WHAT THE TASK REQUIRES:
Reproduce only this stretch of the listing below: from the line with "Antipodes West Coast" through the line with "Banner image with", exactly as written, with pictures excluded.
═════ DATA
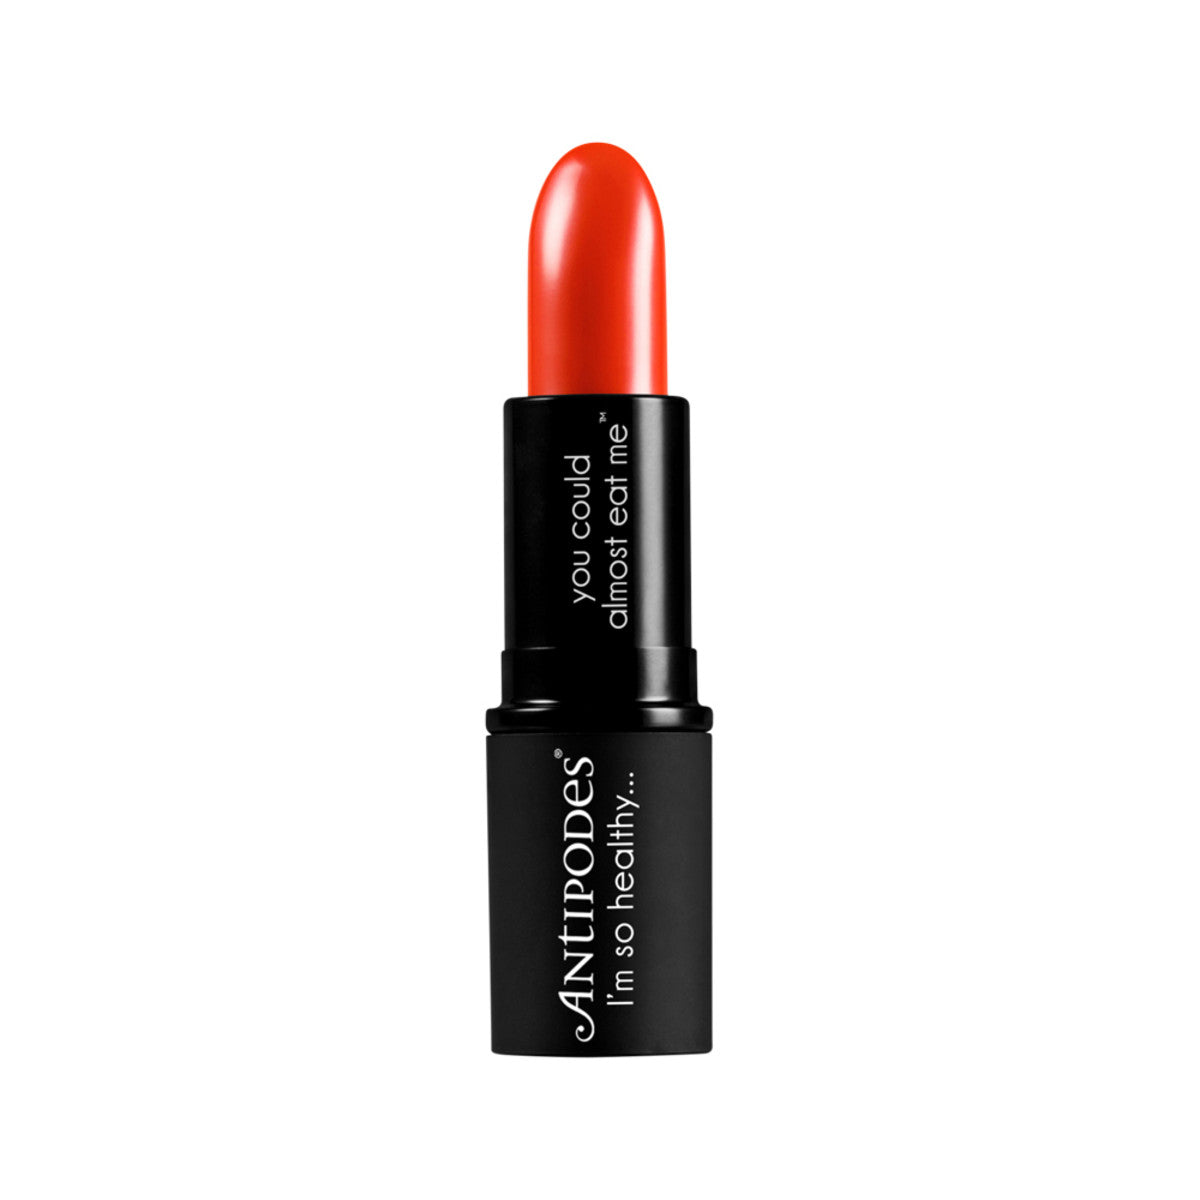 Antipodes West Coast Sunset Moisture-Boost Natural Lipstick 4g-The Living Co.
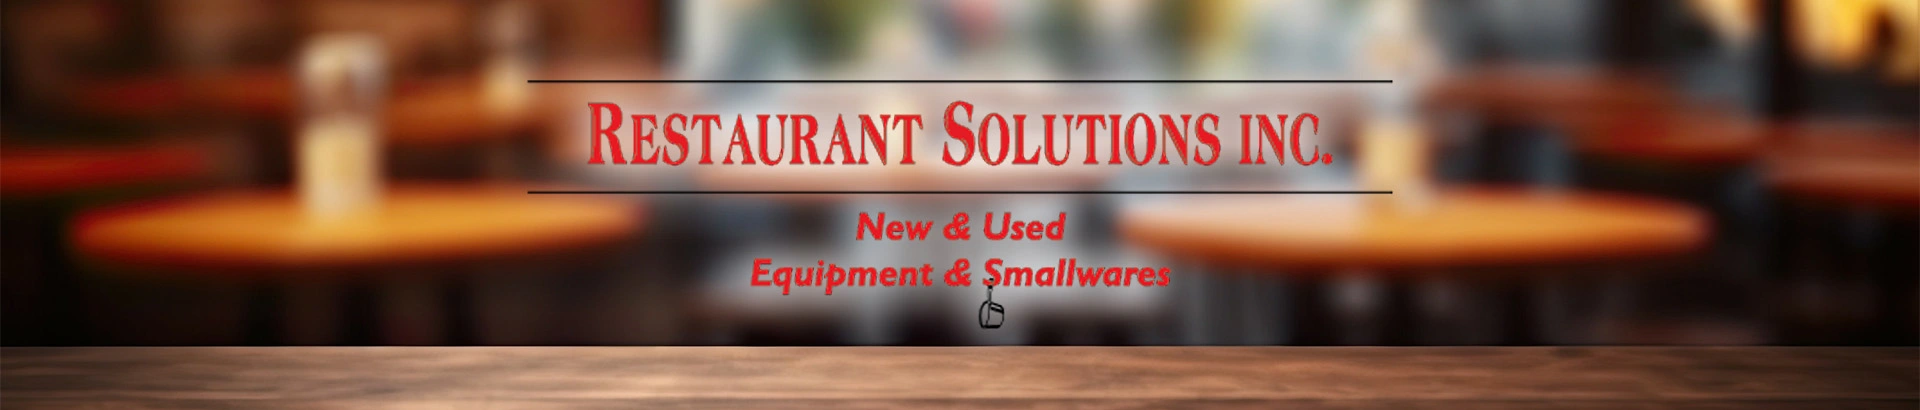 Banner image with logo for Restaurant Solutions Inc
══════════
═════ DATA
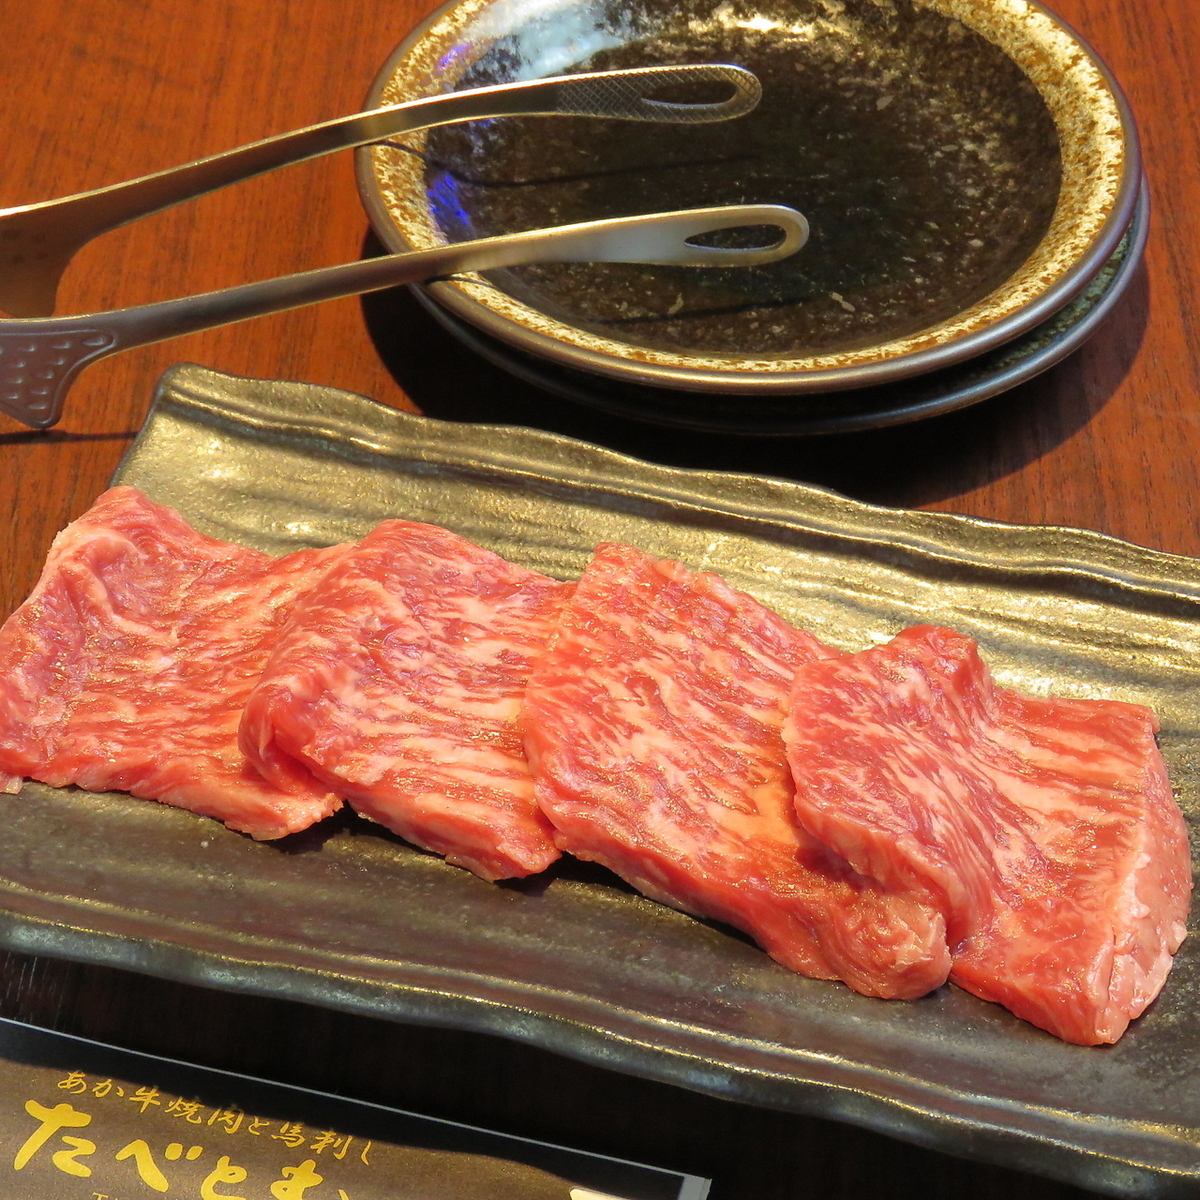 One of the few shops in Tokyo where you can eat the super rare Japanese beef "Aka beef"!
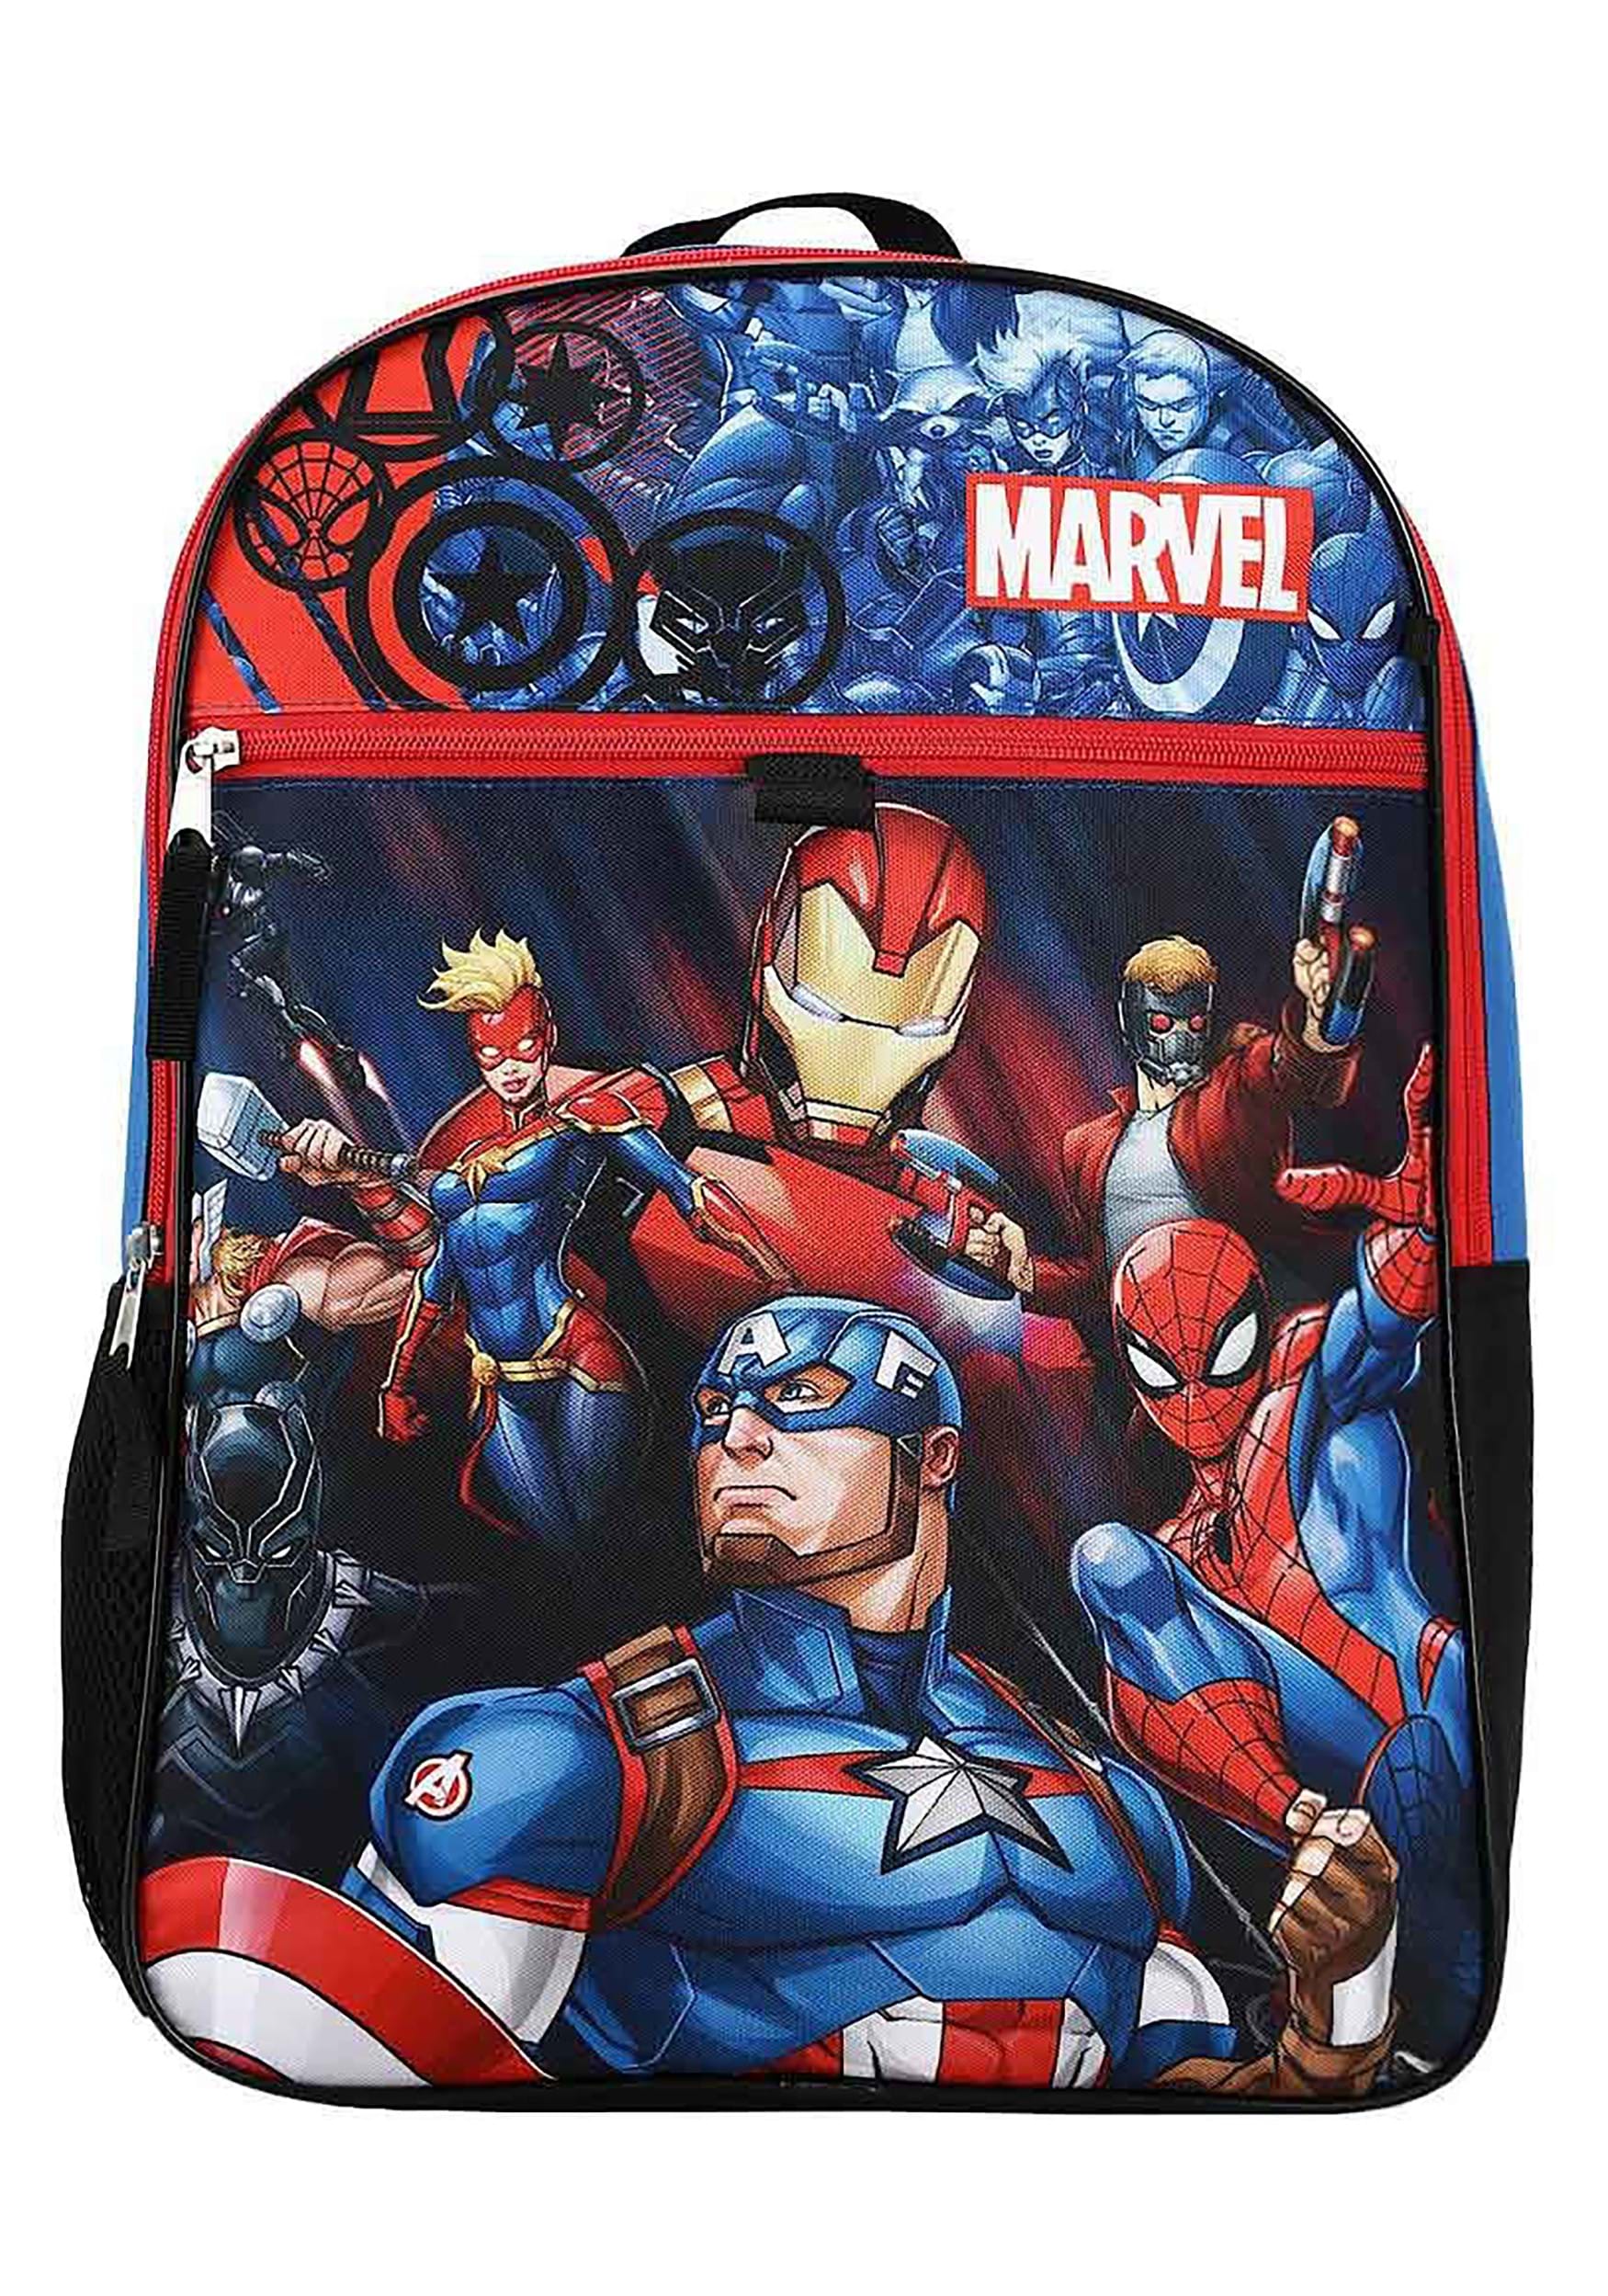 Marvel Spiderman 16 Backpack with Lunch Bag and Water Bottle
══════════
RESULT:
 Antipodes West Coast Sunset Moisture-Boost Natural Lipstick 4g-The Living Co.
 Banner image with logo for Restaurant Solutions Inc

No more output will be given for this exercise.